++++ Input data
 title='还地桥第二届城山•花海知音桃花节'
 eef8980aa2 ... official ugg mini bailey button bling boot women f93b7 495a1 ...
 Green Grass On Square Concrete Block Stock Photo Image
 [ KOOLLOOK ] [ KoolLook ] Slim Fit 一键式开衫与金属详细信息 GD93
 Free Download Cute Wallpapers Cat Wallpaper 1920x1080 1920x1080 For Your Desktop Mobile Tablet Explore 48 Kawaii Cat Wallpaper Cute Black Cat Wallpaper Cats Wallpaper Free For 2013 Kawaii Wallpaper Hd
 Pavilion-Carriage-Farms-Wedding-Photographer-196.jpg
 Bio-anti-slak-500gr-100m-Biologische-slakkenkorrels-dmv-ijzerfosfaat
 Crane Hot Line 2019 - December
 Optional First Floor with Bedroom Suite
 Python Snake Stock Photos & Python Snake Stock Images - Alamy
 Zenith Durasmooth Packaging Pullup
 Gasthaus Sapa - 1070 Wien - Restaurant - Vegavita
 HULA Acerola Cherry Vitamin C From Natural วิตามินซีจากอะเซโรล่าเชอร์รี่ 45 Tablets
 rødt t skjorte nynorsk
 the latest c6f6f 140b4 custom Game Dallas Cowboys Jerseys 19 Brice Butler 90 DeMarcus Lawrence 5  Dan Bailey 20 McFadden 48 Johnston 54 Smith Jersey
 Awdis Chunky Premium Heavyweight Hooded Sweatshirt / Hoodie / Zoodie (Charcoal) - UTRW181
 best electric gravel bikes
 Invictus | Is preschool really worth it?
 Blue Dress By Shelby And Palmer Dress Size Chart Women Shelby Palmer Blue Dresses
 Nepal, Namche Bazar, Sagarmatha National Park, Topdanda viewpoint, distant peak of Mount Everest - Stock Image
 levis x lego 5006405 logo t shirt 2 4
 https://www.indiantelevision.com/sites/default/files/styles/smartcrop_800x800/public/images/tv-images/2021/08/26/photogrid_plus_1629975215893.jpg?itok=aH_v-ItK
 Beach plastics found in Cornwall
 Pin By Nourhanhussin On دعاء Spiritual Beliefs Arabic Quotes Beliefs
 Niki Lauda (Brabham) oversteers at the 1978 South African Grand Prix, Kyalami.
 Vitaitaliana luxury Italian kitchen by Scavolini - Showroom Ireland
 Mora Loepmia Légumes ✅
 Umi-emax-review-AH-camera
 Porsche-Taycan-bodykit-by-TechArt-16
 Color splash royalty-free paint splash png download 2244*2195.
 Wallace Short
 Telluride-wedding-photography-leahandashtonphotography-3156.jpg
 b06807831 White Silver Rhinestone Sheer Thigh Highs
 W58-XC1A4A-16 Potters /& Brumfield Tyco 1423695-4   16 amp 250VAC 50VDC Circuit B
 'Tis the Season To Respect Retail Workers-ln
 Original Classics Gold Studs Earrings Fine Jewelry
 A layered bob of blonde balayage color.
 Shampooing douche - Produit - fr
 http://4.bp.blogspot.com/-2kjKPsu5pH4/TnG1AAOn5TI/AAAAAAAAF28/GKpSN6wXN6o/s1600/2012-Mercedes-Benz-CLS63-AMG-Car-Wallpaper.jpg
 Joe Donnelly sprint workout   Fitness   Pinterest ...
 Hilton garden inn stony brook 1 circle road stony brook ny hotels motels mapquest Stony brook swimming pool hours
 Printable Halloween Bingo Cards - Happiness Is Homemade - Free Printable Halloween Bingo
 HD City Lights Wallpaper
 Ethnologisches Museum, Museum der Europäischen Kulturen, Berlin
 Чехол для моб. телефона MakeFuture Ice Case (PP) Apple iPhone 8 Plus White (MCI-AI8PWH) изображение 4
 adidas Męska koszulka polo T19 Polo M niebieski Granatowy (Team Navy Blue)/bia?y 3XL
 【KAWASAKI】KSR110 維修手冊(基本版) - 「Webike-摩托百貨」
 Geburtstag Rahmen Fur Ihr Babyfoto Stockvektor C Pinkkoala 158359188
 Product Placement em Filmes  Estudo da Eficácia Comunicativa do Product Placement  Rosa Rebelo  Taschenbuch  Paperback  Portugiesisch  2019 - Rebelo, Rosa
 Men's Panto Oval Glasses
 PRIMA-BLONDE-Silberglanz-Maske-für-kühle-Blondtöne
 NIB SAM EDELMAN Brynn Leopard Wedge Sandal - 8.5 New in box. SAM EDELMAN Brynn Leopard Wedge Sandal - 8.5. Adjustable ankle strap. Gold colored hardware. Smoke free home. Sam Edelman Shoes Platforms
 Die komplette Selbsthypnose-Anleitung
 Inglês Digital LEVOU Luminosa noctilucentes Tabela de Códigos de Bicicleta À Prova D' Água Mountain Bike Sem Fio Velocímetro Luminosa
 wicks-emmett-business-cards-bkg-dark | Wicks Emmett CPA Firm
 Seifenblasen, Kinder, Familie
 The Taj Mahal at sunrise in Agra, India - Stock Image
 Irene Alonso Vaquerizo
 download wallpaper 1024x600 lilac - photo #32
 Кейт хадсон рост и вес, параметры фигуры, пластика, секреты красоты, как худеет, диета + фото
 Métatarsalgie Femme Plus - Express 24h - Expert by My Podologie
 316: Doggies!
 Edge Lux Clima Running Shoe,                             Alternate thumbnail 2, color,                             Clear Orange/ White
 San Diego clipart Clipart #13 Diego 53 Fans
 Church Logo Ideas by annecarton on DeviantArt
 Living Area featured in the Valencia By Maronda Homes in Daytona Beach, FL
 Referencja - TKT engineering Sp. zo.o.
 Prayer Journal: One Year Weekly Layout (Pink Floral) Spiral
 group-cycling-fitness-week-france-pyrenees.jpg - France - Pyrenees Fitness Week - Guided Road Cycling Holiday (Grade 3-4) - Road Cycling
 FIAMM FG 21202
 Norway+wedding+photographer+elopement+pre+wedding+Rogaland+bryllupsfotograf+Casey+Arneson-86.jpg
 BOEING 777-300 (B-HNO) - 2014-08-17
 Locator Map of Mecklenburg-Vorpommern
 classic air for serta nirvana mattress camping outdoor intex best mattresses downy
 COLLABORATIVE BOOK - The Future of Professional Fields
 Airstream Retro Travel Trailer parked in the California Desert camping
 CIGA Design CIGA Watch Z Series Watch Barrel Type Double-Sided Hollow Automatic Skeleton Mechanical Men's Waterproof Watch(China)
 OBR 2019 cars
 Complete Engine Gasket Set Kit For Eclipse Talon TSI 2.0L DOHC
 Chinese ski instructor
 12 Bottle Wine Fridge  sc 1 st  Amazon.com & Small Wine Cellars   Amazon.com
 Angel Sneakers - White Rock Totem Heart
++++++++
■ What this task involves ■
Transcribe each line of the data above, unaltered, from the one where "eef8980aa2 ... official" appears to the one where "Pavilion-Carriage-Farms-Wedding-Photographer-196.jpg" appears, inclusive of both.

■ Answer to this task ■
 eef8980aa2 ... official ugg mini bailey button bling boot women f93b7 495a1 ...
 Green Grass On Square Concrete Block Stock Photo Image
 [ KOOLLOOK ] [ KoolLook ] Slim Fit 一键式开衫与金属详细信息 GD93
 Free Download Cute Wallpapers Cat Wallpaper 1920x1080 1920x1080 For Your Desktop Mobile Tablet Explore 48 Kawaii Cat Wallpaper Cute Black Cat Wallpaper Cats Wallpaper Free For 2013 Kawaii Wallpaper Hd
 Pavilion-Carriage-Farms-Wedding-Photographer-196.jpg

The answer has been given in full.